Here are some ideas to chew on:
– An “applied innovation corridor” stretching up North Tryon Street from uptown to UNC Charlotte, along the to-be-built light rail line.
– A “culinary corridor” from Johnson & Wales University to Central Piedmont Community College’s new culinary building.
– Create a consortium of the higher education institutions in and near uptown, so they can pool their resources with shared facilities. CPCC, Johnson & Wales, Johnson C. Smith University, Queens University of Charlotte, even UNCC with its new uptown presence could all be players. (Sorry, Davidson College, you’re just too far away.)
– With the growing numbers of college students, why not build a shared student union uptown?
That last idea came from a focus group for high school and college students.
The others came from Daniel Iacofano, one of the consultants for the ongoing Charlotte center city planning (public workshop tonight at 5:30 at the Convention Center.) I caught up with Iacofano this morning to hear where he and the consultants are headed in their thinking on the Charlotte Center City 2020 Plan.
He talked a lot about the economic underpinnings, and he offered some of the many ideas the California-based consulting group MIG (the I is for Iacofano) are tossing around.
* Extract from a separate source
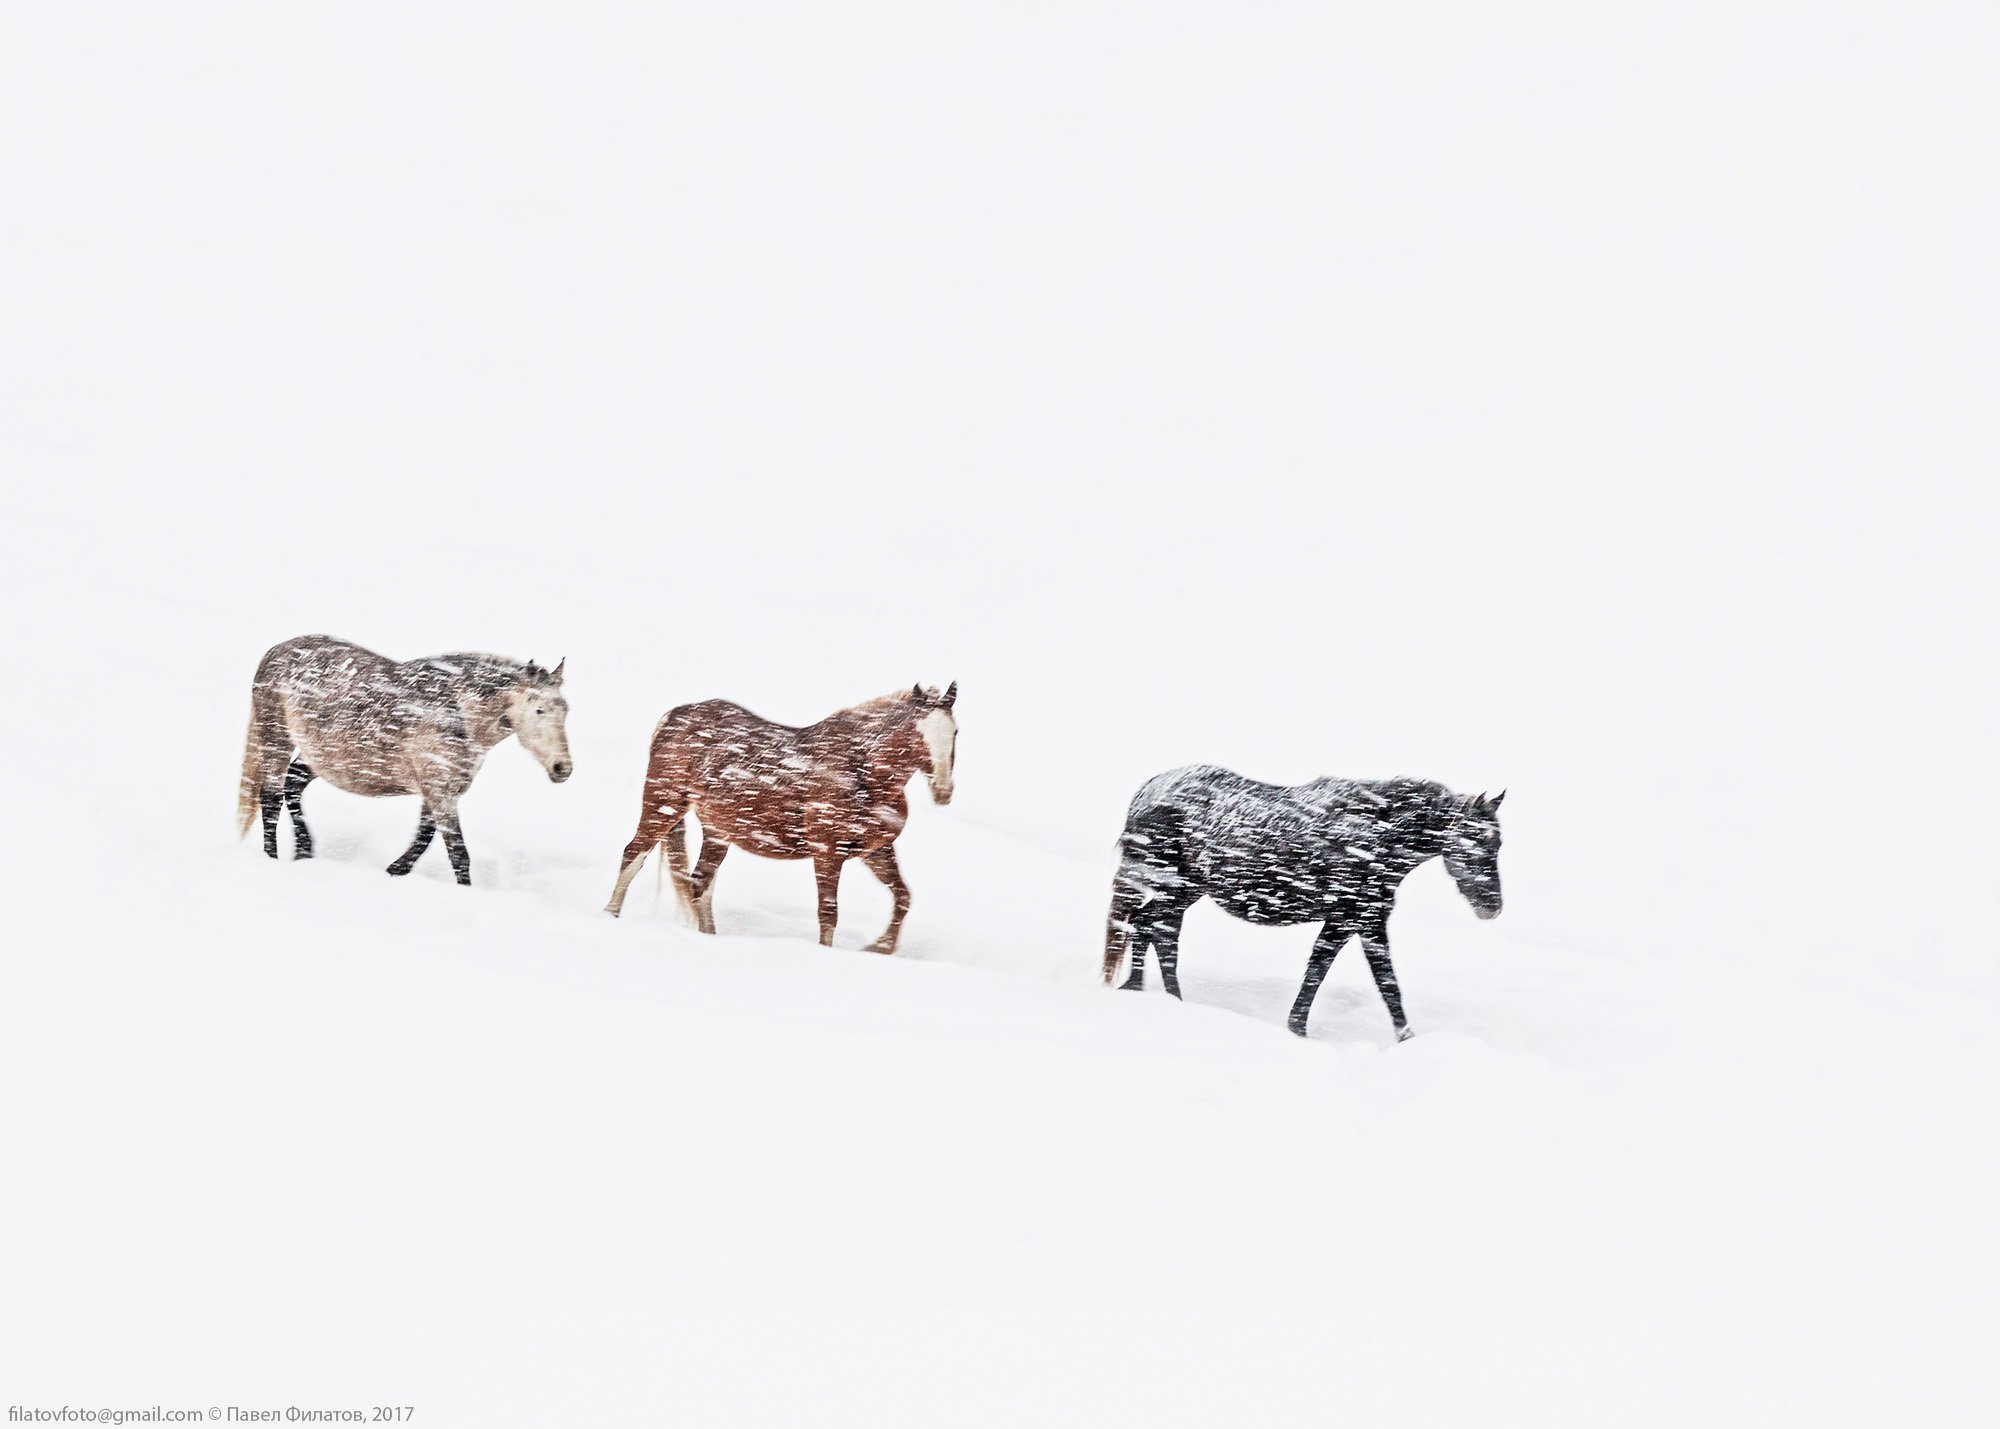 #алтай #сибирь #siberia #павел_филатов #pavel_filatov #filatovpavelaltai #снег #снегопад #буран #красногорье #красногорское #предгорья #метель #кони #fog #snow #blizzard #horses, Павел Филатов

He’ll talk about some of them tonight at the public workshop.
Cheryl Myers, the Charlotte Center City Partners senior veep of planning and development, said the consultants had gotten 80 ideas from Center City 2020 Plan working groups alone. (Disclosure: Observer publisher Ann Caulkins is a co-chair of the steering committee for the 2020 Plan. She doesn’t know that I’m writing this, or what I’m writing. And I have been supportive of having uptown plans since I’ve been writing opinions for the Observer.)
Iacofano said the I-277 loop is “kind of a noose” around uptown.
I asked, “How do you tame the loop?”
Iacofano: “There’s a menu of interventions.” They could range from capping it – there are places where that could work – to simply enhancing the connectivity under and over it with better lighting, artwork, and so on. Other possibilities would be to put development closer to the highway, or to put things under the freeway overpasses.
Tonight, expect a lot of attention to the issue of creating “seams” rather than “dividers” between uptown and the neighborhoods that surround it.